The Fellowship of the Ring by J.R.R Tolkien (Harper Collins 1991) pp 69-73

Those who know and love The Lord of the Rings know that Tolkien does not exactly hurry to get his story started. This ought to be a problem. Most story tellers know that unless you have gained your readers’ attention within minutes you will have lost them for ever. And yet in the best selling work of fiction of the last hundred years its author simply does not seem to care. What we are treated to as the world-changing epic journey begins is the anachronistic tale of two gentlemen and their servant setting out for a walking holiday.

Even the more unsettling matters, Gandalf’s failure to make the rendezvous or the encounter between Gaffer Gamgee and the Nazgûl are not permitted to spoil the general sense of well being. At this point in the story the worst thing that can happen is a soreness of the shoulder caused by the rubbing of the straps on a backpack. Happy the man or woman whose problems in life are limited to things such as this.

There is only one thing that disturbs this sense of wellbeing and that is Frodo’s melancholy. If we were to take our Edwardian imagery just a little further then we might liken Frodo’s mood to that which was retrospectively applied to the beautiful summer of 1914. Each memory of that summer was to be marked for ever after by sadness. Those who survived the war would remember the ones who had been lost with whom they had shared that day. And so Frodo looks back at the lights of Hobbiton and of Bywater twinkling in the dark and wonders if he will ever see them again.

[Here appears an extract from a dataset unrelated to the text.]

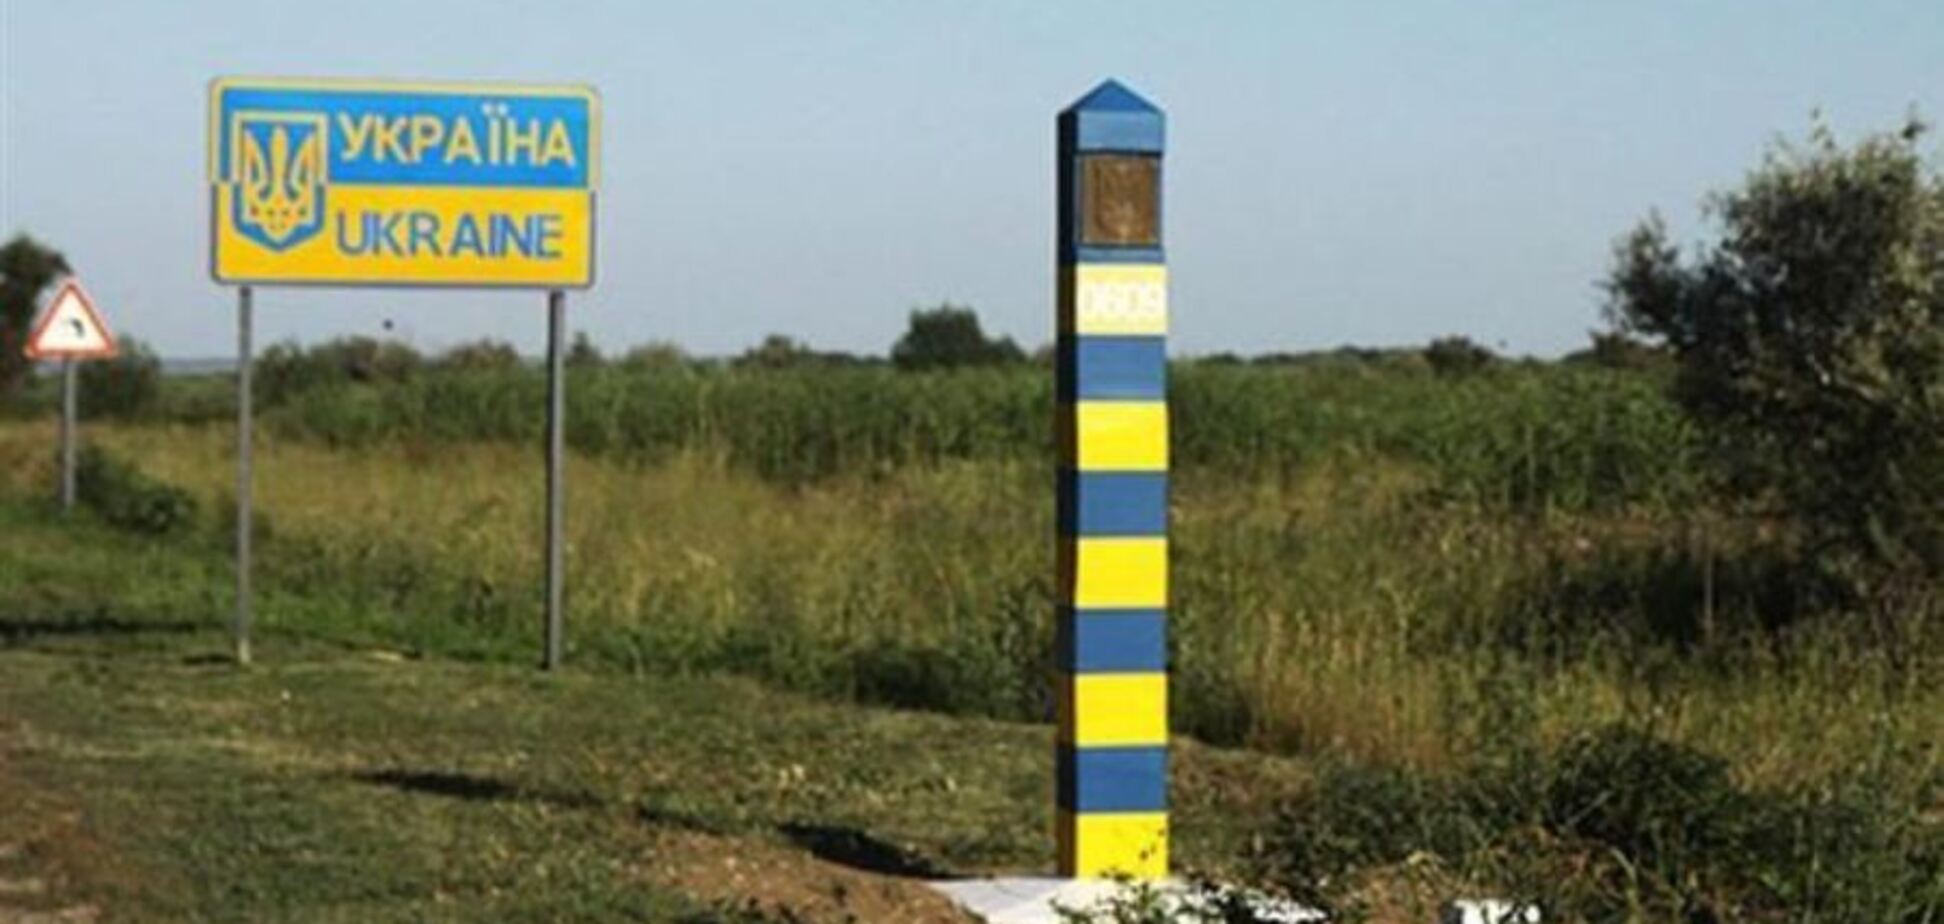 Через украинскую границу попыталась прорваться группа россиян

An inn in the Cotswolds by night

Pippin has no more concern than to make his journey to Buckland as comfortable as possible and so in the middle of the day on the first full day of walking he declares to his companions that although the road might go on for ever he cannot, at least without a rest. Frodo takes up Pippin’s reference to the road and begins to recite.

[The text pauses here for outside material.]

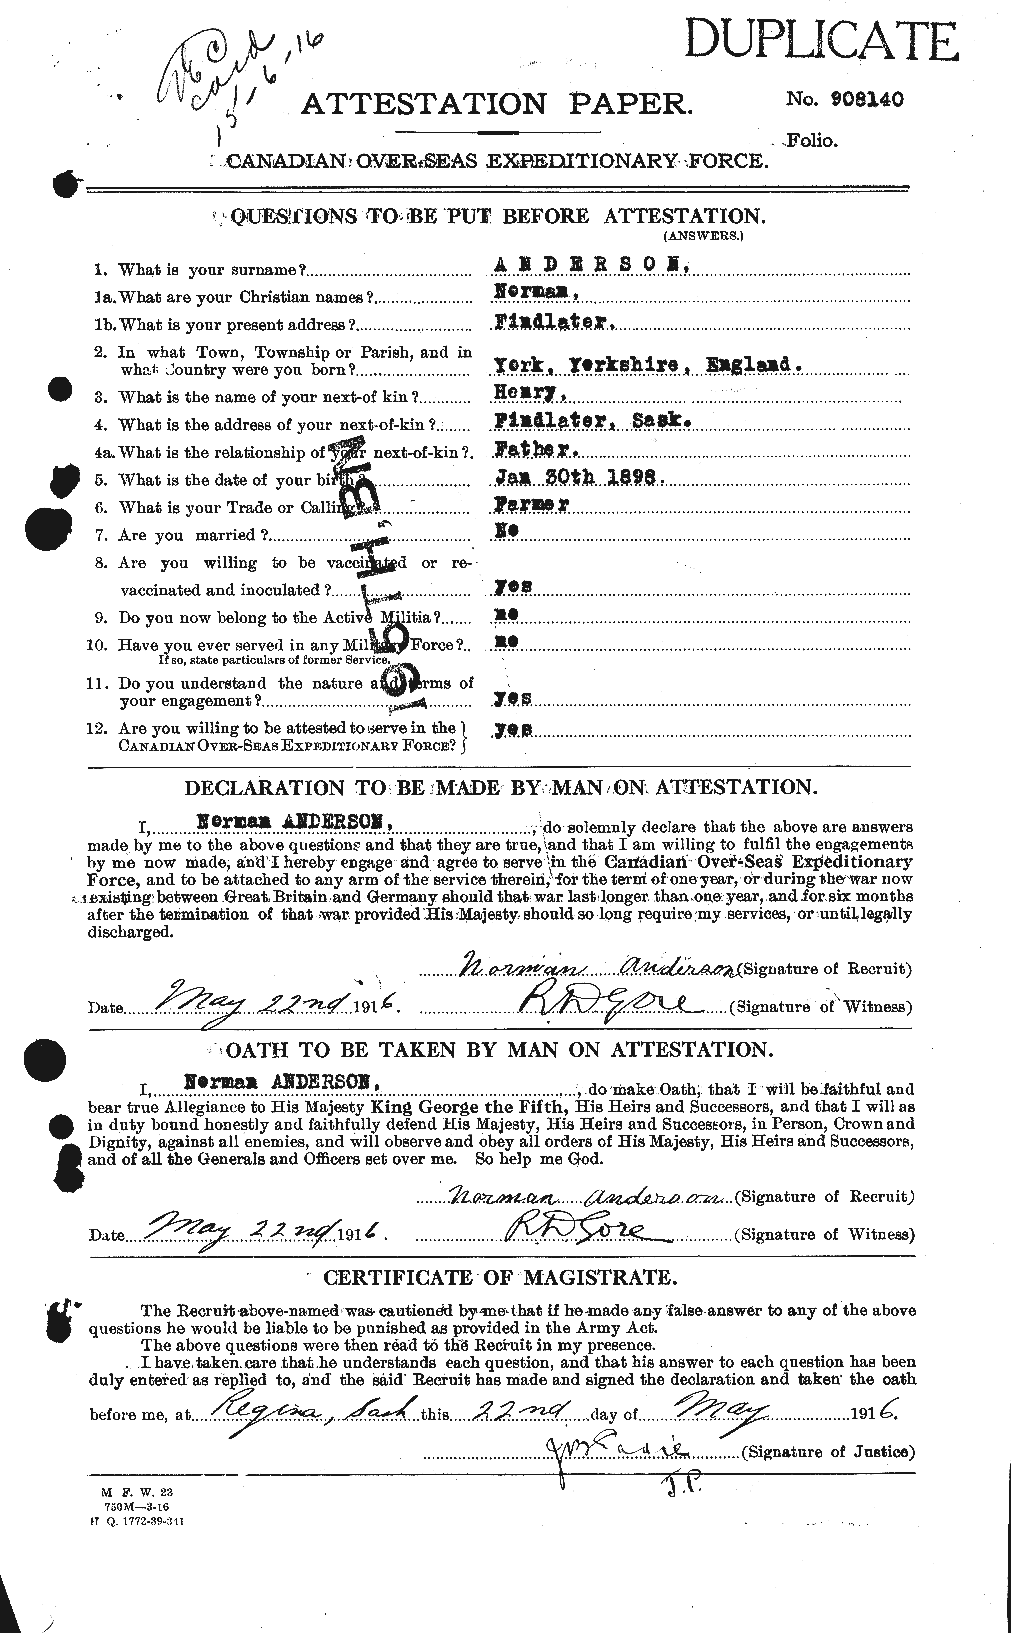 Dossiers du Personnel de la Première Guerre mondiale - CEC 207419a

The Road goes ever on and on 
   Down from the door where it began. 
Now far ahead the Road has gone, 
   And I must follow if I can, 
Pursuing it with weary feet, 
   Until it joins some larger way, 
Where many paths and errands meet. 
   And whither then? I cannot say. 

It is not the stepping into the Road that is daunting. Even the great journeys come to an end eventually as Bilbo once pointed out. “Do you realise that this is the very path that goes through Mirkwood, and that if you let it, might take you to the Lonely Mountain?” And as you picture the mountain in your imagination its very loneliness calls you to follow the path. This call is to adventure and it makes your heart grow larger. But the “wither then?”, that sense that the Road may never end, that there might never be a homecoming, never a place to rest your head at the last, that is a different matter altogether. And that too is a possibility when you step out of your door and onto the Road.

Tolkien’s use of capital letters in a noun like this is always significant. This road is not a lane that takes you to a welcoming inn or the road to the home of a good friend. It is the Road. It is life itself and you do not know its final end. No wonder most people choose not to entertain such imaginings. They are much too big and most of us, maybe all of us, are much too small. A Gandalf, calling us to adventure, must cross our paths if we are to embark on such journeys. And when he does so the longing must be greater than the fear; at least until the journey is well underway.